Here I put the code. And this is absolutely a programmatic issue. But perhaps it cannot be solved with a few lines of code.
val model = ALS.trainImplicit(ratings, rank, iterations, lambda, alpha) print("recommendForAllUser") val userTopKRdd = recommendForAllUser(model, topN).join(userData.map(x => (x._2._1, x._1))).map { case (uid, (appArray, mac)) => { (mac, appArray.map { case (appId, rating) => { val packageName = appIdPriorityPackageNameDict.value.getOrElse(appId, Constants.PLACEHOLDER) (packageName, rating) } }) } } HbaseWriter.writeRddToHbase(userTopKRdd, "user_top100_recommendation", (x: (String, Array[(String, Double)])) => { val mac = x._1 val products = x._2.map { case (packageName, rating) => packageName + "=" + rating }.mkString(",") val putMap = Map("apps" -> products) (new ImmutableBytesWritable(), Utils.getHbasePutByMap(mac, putMap)) }) print("recommendSimilarApp") println("productFeatures ******") model.productFeatures.take(1000).map{ case (appId, features) => { val packageNameList = appIdPackageNameListDict.value.get(appId) val packageNameListStr = if (packageNameList.isDefined) { packageNameList.mkString("(", ",", ")") } else { "Unknow List" } (packageNameListStr, features.mkString("(", ",", ")")) } }.foreach(println) println("productFeatures ******") model.userFeatures.take(1000).map{ case (userId, features) => { (userId, features.mkString("(", ",", ")")) } }.foreach(println) val similarAppRdd = recommendSimilarApp(model, topN).flatMap { case (appId, similarAppArray) => { val groupedAppList = appIdPackageNameListDict.value.get(appId) if (groupedAppList.isDefined) { val similarPackageList = similarAppArray.map { case (destAppId, rating) => (appIdPriorityPackageNameDict.value.getOrElse(destAppId, Constants.PLACEHOLDER), rating) } groupedAppList.get.map(packageName => { (packageName, similarPackageList) }) } else { None } } } HbaseWriter.writeRddToHbase(similarAppRdd, "similar_app_top100_recommendation", (x: (String, Array[(String, Double)])) => { val packageName = x._1 val products = x._2.map { case (packageName, rating) => packageName + "=" + rating }.mkString(",") val putMap = Map("apps" -> products) (new ImmutableBytesWritable(), Utils.getHbasePutByMap(packageName, putMap)) })
UPDATE:
I learned something new about my data after reading the article ("Collaborative filtering for implicit feedback datasets"). My data is too scarce compared to the IPTV dataset described in the document.

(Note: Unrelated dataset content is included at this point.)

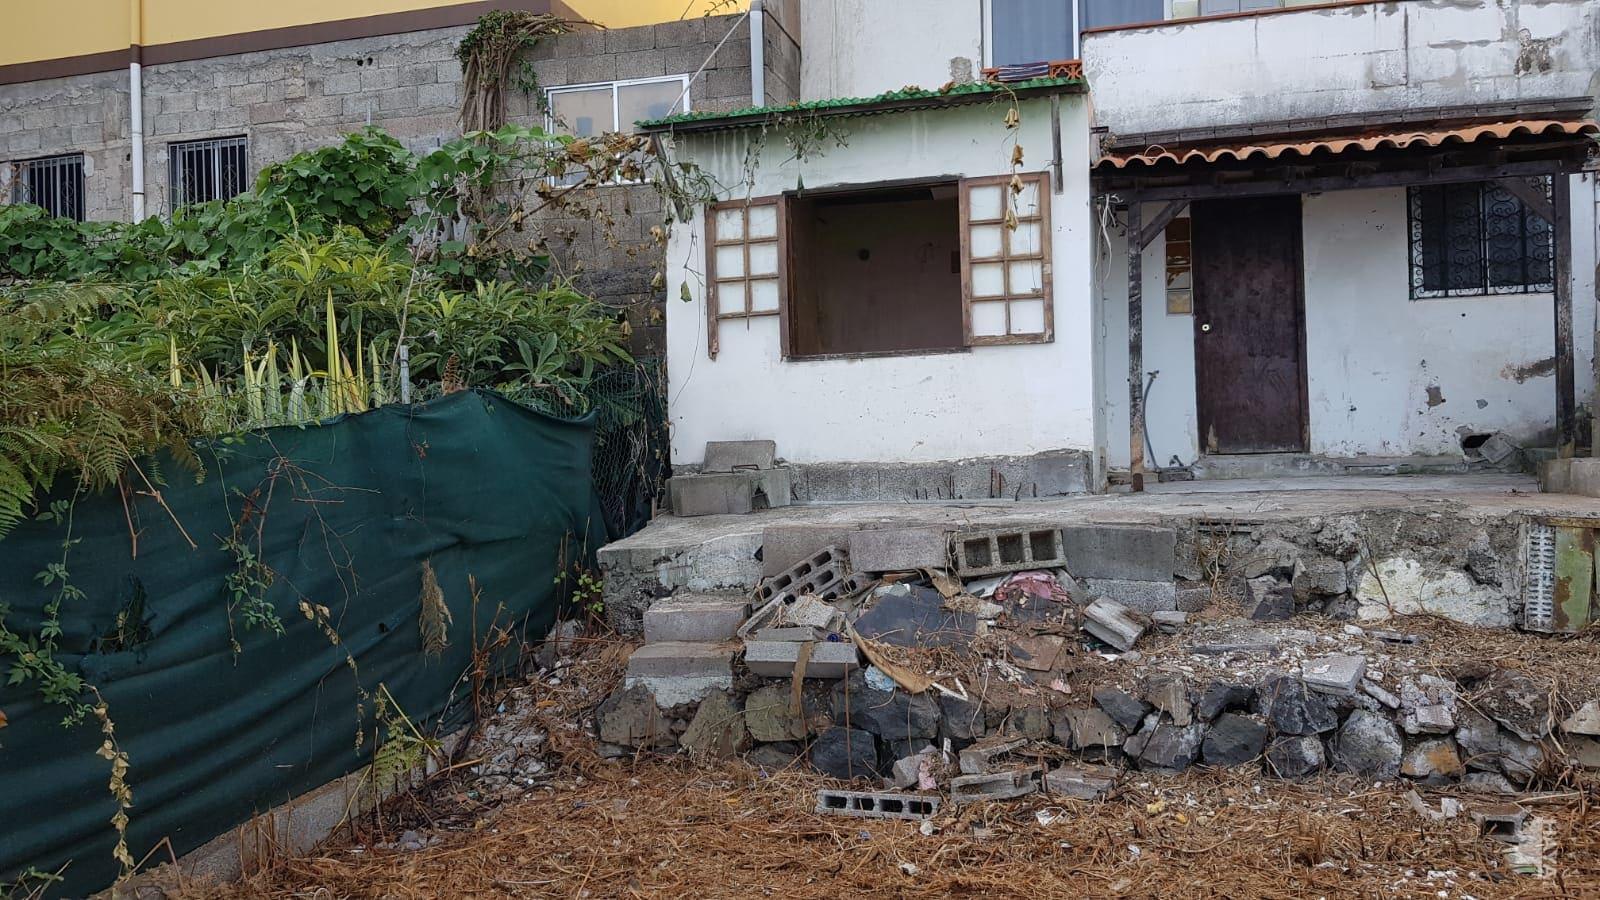 Piso en venta en La Corujera, Santa Úrsula, Santa Cruz de Tenerife, Calle Guanches, 40.200 €, 1 habitación, 1 baño, 61 m2

Paper: 300,000 (users) 17,000 (products) 32,000,000 (data)
Mine: 300,000 (users) 31,000 (products) 700,000 (data)
Thus, the matrix of the user element in the data set for the paper is filled with 0.00627 = (32,000,000 / 300,000 / 17,000). My data ratio is 0.0000033. I think this means that my user element matrix is ββ2,000 times smaller than paper.
Should this lead to poor results? And any way to improve it?